El relato libertario de la “recuperación” volvió a chocar contra la realidad. Lejos de cualquier rebote genuino, el consumo masivo mostró en noviembre una nueva señal de agotamiento que desnuda el fracaso del programa económico de Javier Milei. Después de varios meses de leves repuntes estadísticos —más ligados al piso de la caída que a una mejora real—, las ventas volvieron a retroceder y confirmaron lo que millones de hogares sienten todos los días: no alcanza para vivir.
El dato no es menor. Por primera vez desde marzo, el consumo total dejó de crecer y entró otra vez en terreno negativo. Supermercados y farmacias encabezaron el derrumbe, dos termómetros sensibles de la vida cotidiana. Cuando cae la compra de alimentos y medicamentos, no hay margen para el maquillaje discursivo: lo que se desploma es la calidad de vida.
El Gobierno insiste en celebrar porcentajes y gráficos, pero omite un punto central: esta baja se produce sobre un escenario devastado. El consumo ya había sido arrasado por el ajuste brutal aplicado desde el inicio de la gestión Milei, con salarios pulverizados, jubilaciones recortadas y tarifas liberadas sin red de contención. Comparar con ese piso histórico y aun así mostrar retrocesos expone la magnitud del daño.
Particularmente alarmante es lo que ocurre en las farmacias. La caída en la venta de medicamentos no responde a un cambio de hábitos, sino a una decisión forzada: la gente deja de comprar remedios porque no puede pagarlos. El recorte en el acceso a prestaciones para jubilados, sumado a precios desregulados, convirtió a la salud en un lujo. En el país de la “libertad”, miles de adultos mayores deben elegir entre comer o medicarse.
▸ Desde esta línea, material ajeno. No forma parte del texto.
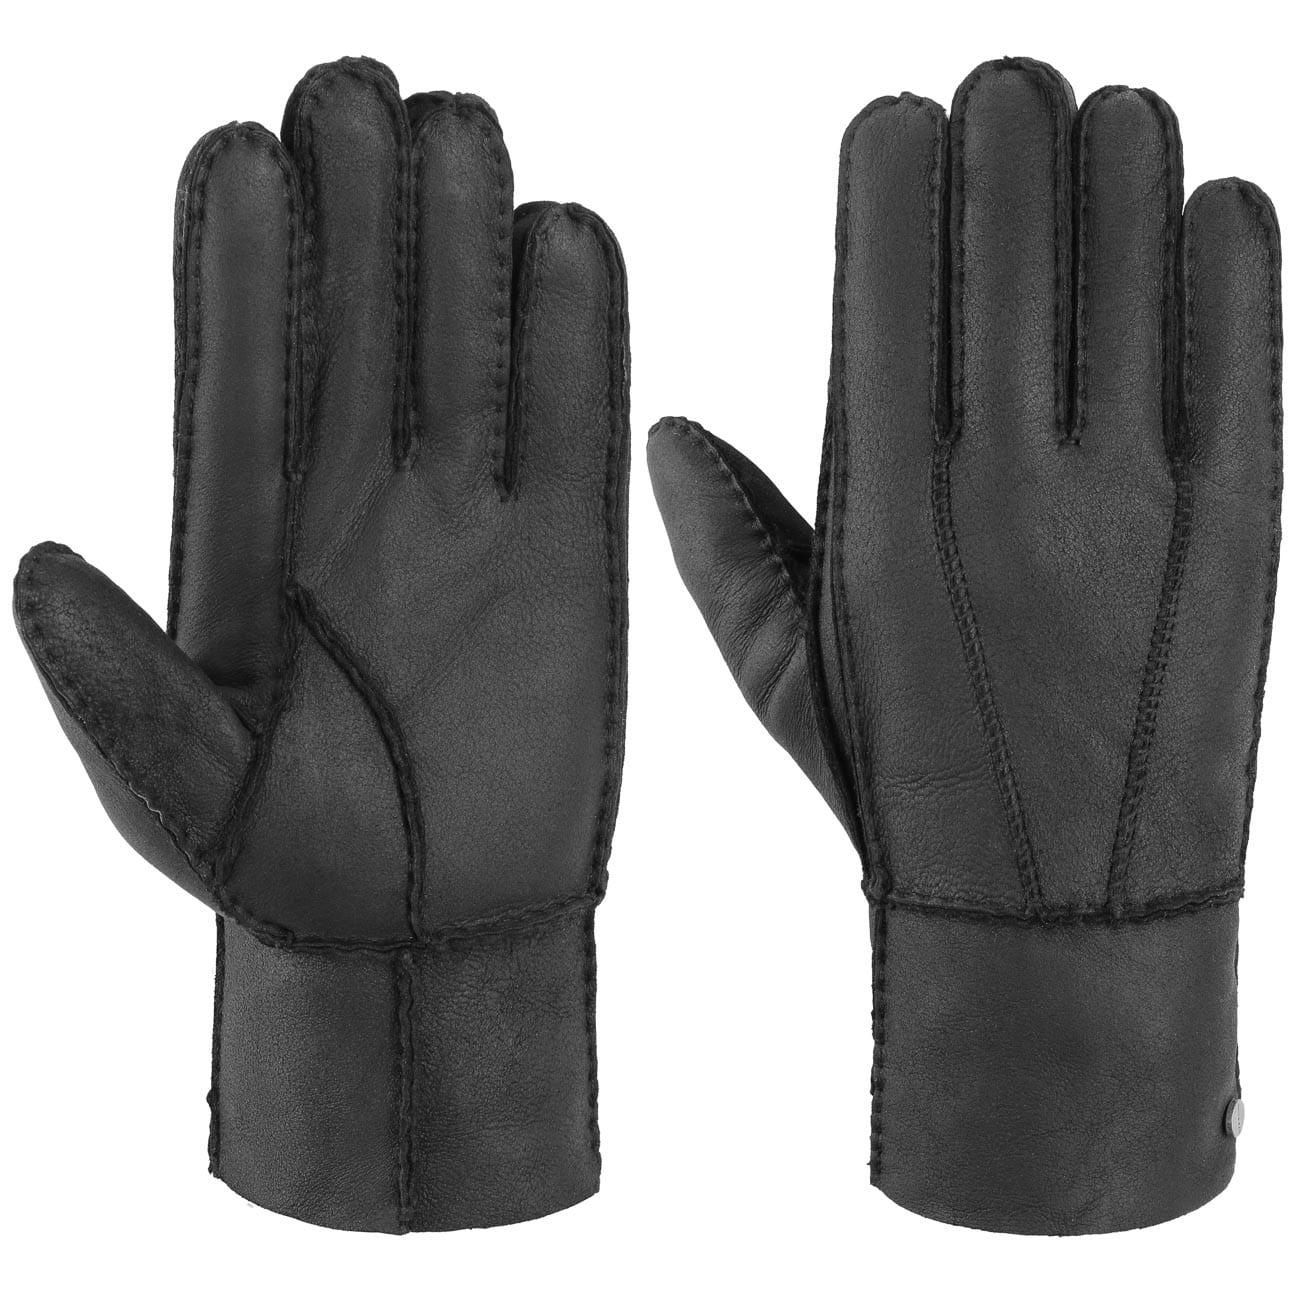 tarlington-lederhandschuhe-by-stetson-fingerhandschuhe

En los supermercados la escena se repite. Las grandes compras desaparecieron y fueron reemplazadas por recorridos diarios, con billetera en mano y calculadora mental. No hay previsión posible cuando los ingresos no alcanzan y el futuro es incierto. El ajuste no ordenó la economía: la achicó hasta asfixiarla.
Pese a la baja de tasas y a una inflación que desacelera más por recesión que por virtudes del plan, el supuesto despegue nunca llegó. La promesa de una segunda etapa de bienestar quedó archivada, mientras el consumo mayorista también anticipa que la parálisis continuará. El mercado interno, motor histórico de la economía argentina, sigue siendo la principal víctima del dogma del recorte permanente.
El Gobierno podrá seguir hablando de paciencia y sacrificio, pero los números muestran otra cosa: el modelo de Milei no reactiva, no derrama y no repara lo destruido. Solo profundiza la desigualdad y consolida una economía donde consumir lo básico vuelve a ser un privilegio. La verdadera incógnita ya no es cuándo llegará la recuperación, sino cuánto más puede resistir la sociedad antes de que el ajuste termine de pasarle factura política a quienes lo impulsan.